About this task. The answer must consist solely of the lines from the one with "Thông báo: Ngưng" through the last line of the data, copied exactly, with no pictures.

Data provided.
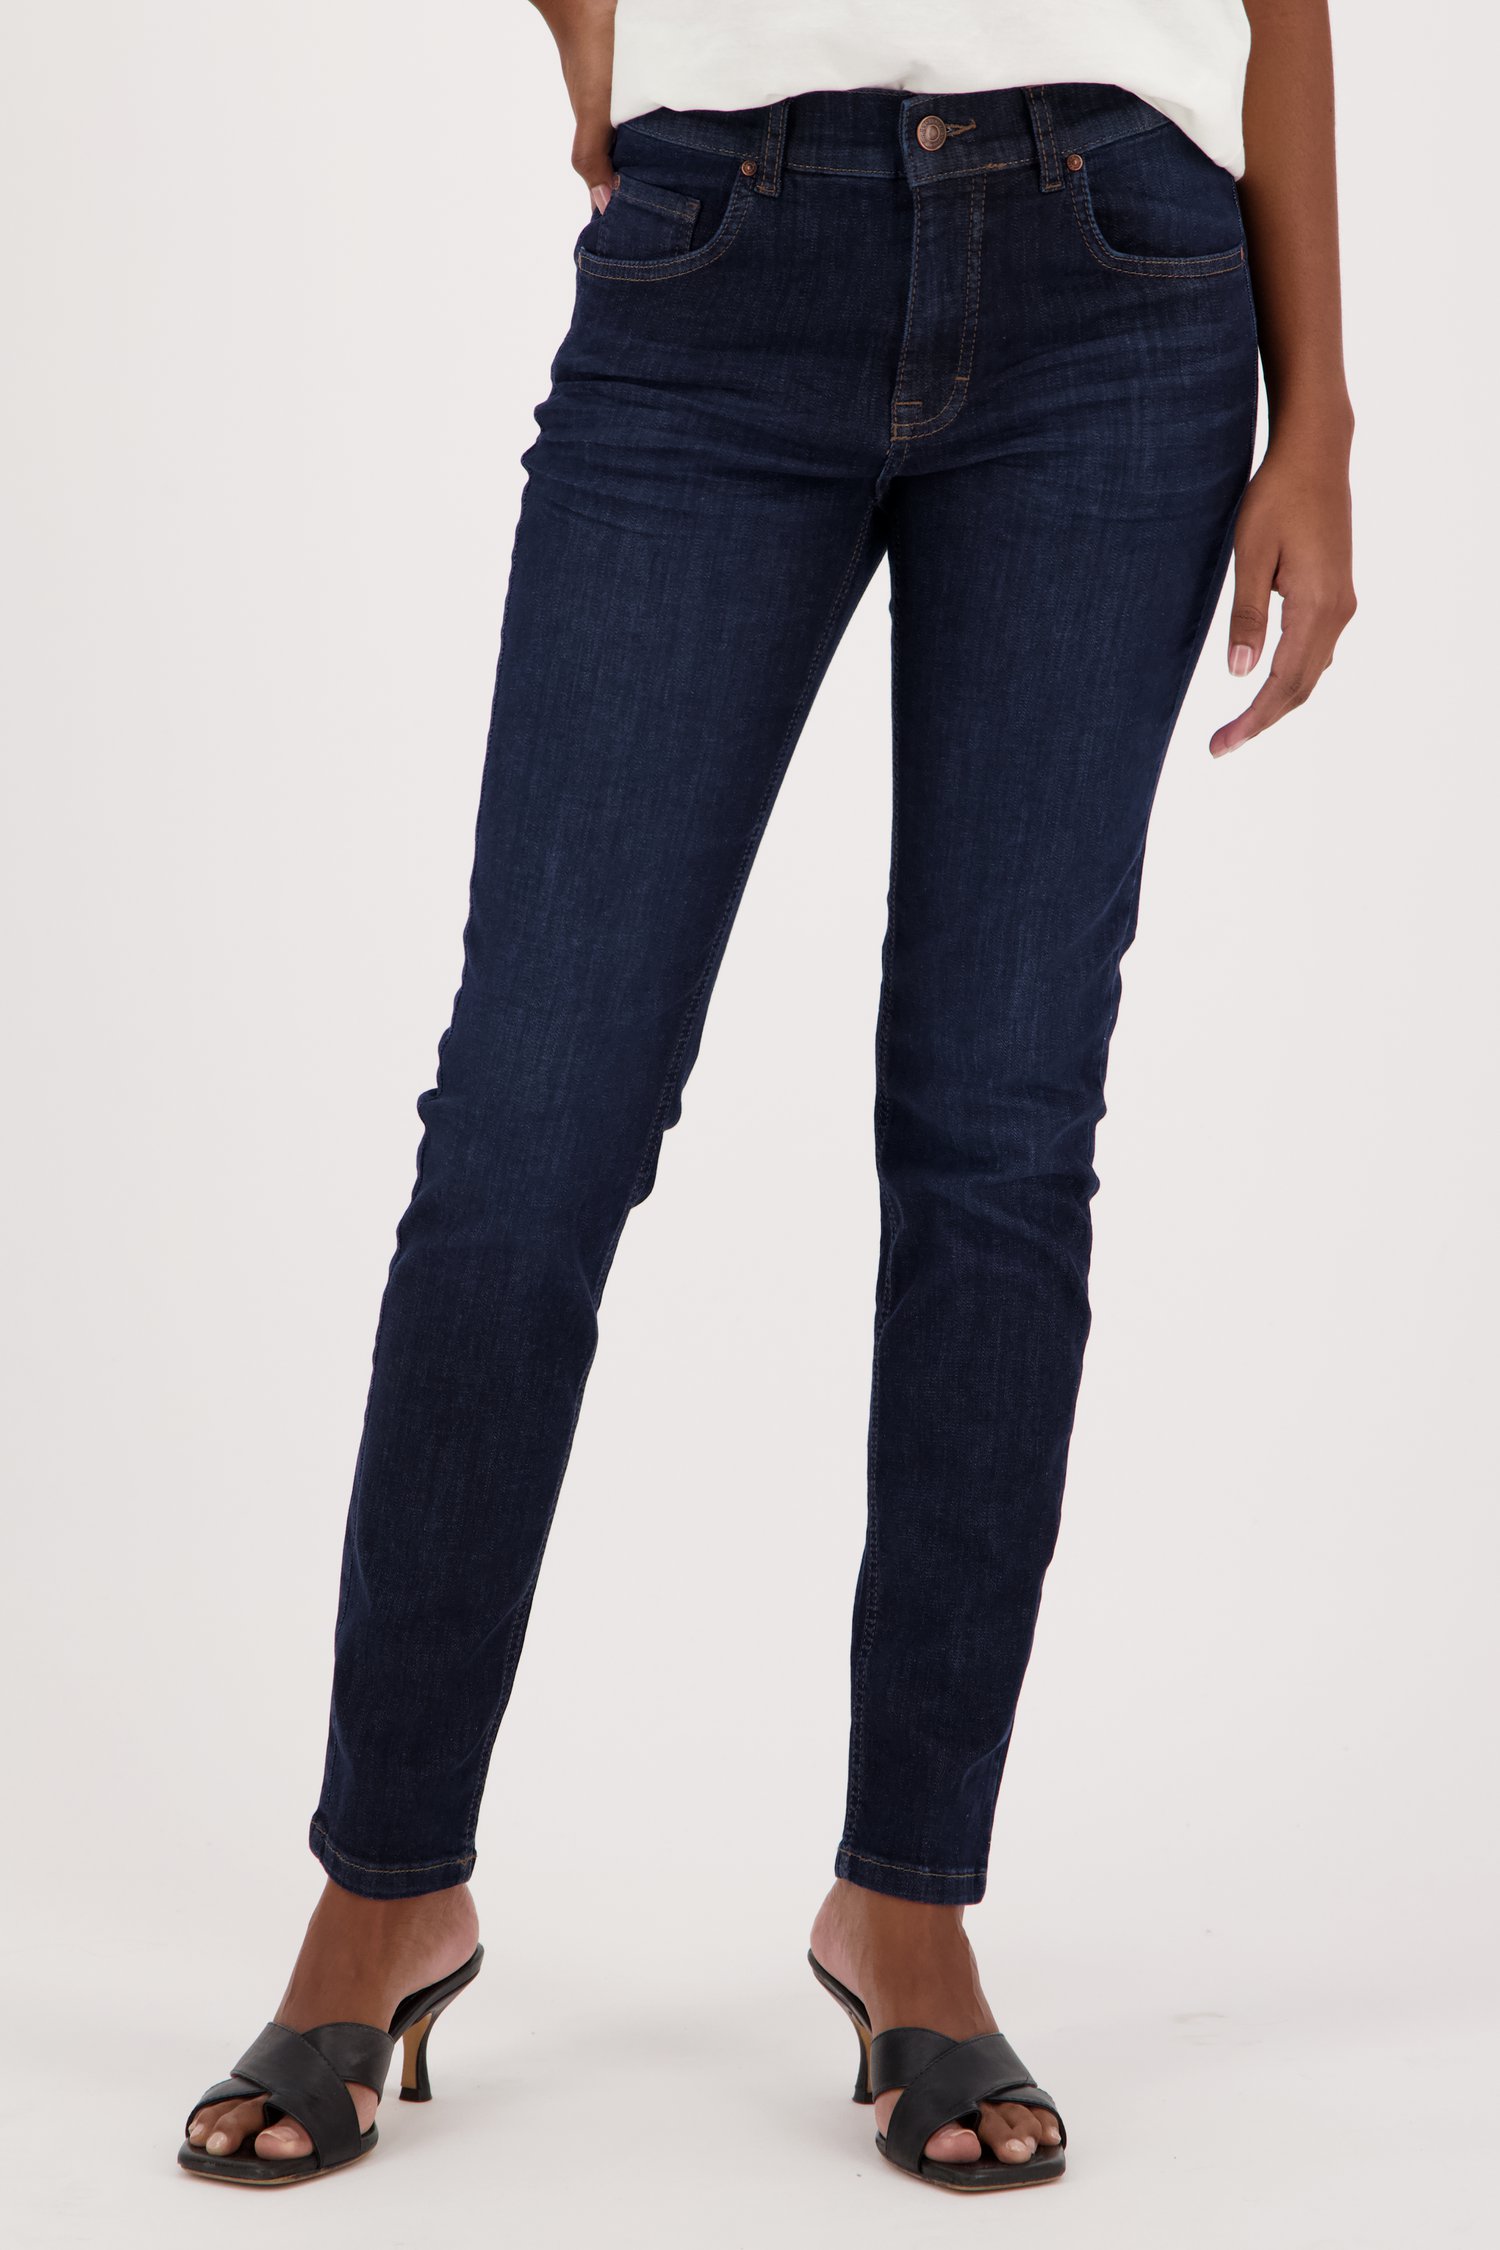 is er rem Ontleden Donkerblauwe jeans - skinny fit van Angels | 4963063 | e5
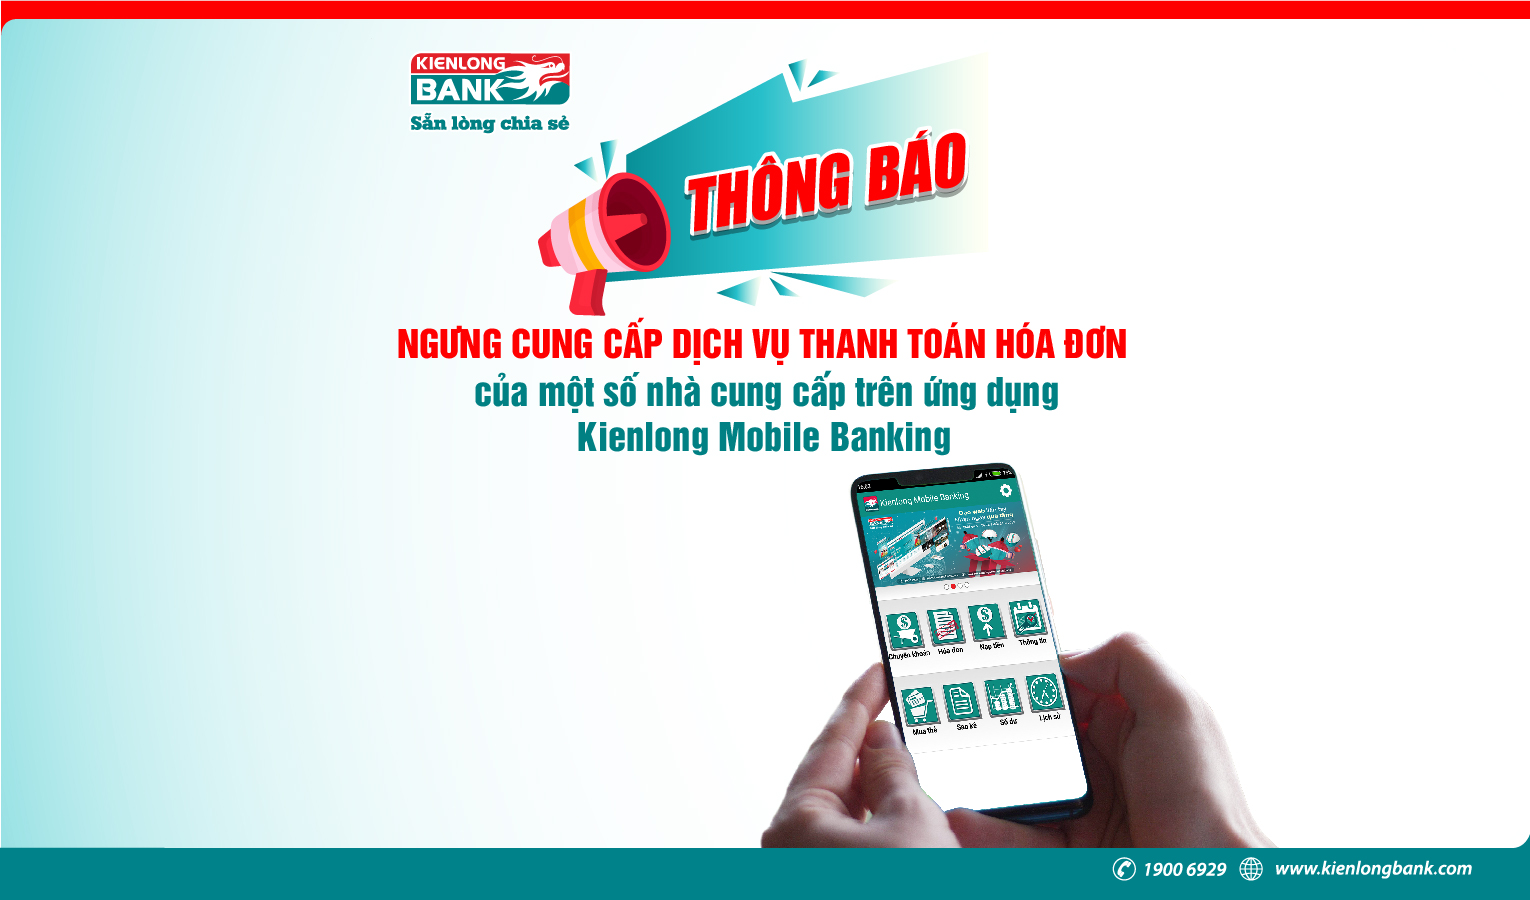 Thông báo: Ngưng cung cấp dịch vụ thanh toán hóa đơn của một số nhà cung cấp trên ứng dụng Kienlong Mobile Banking
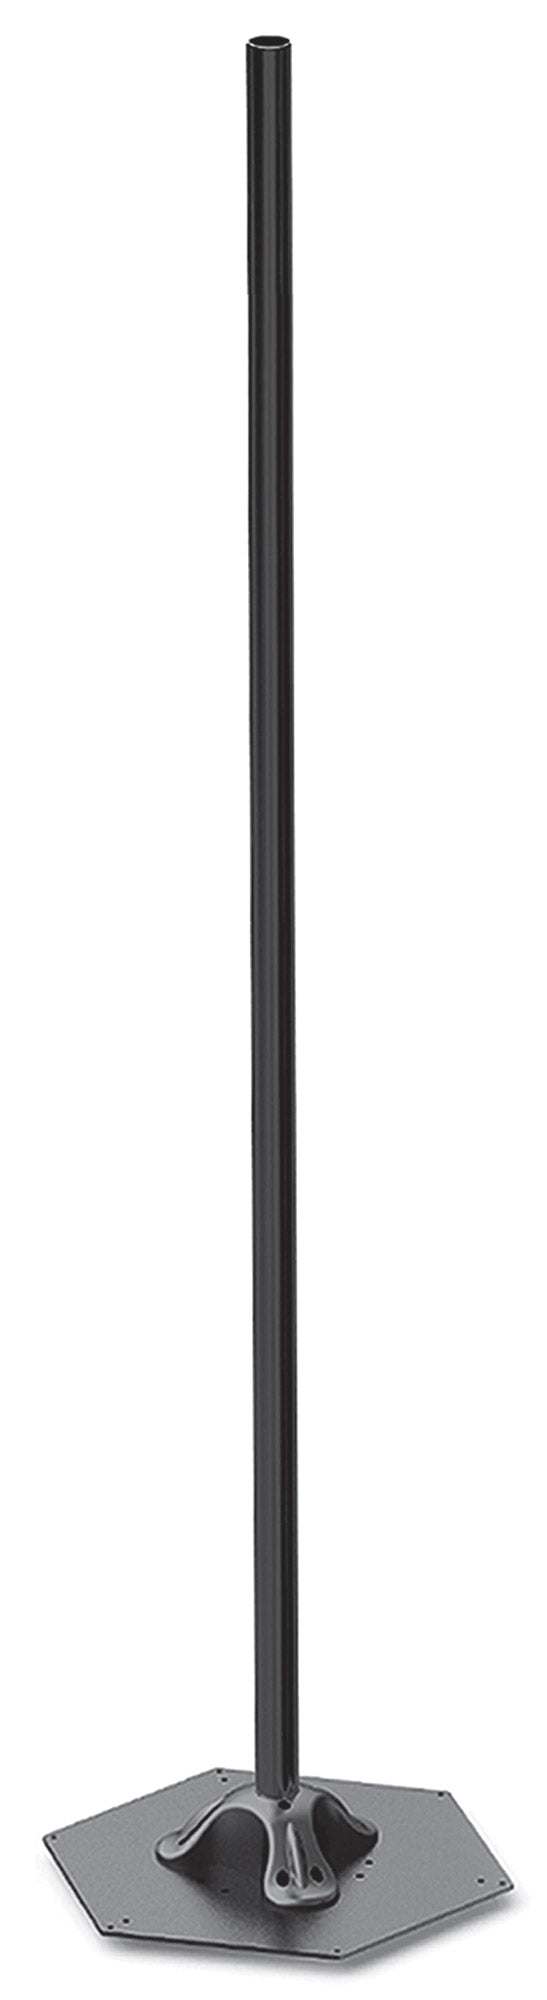 Elegance Pole H214 cm für elektrische Heizlampen Moel 4464 Schwarz sconto

Solution to this task.
 Thông báo: Ngưng cung cấp dịch vụ thanh toán hóa đơn của một số nhà cung cấp trên ứng dụng Kienlong Mobile Banking
 Elegance Pole H214 cm für elektrische Heizlampen Moel 4464 Schwarz sconto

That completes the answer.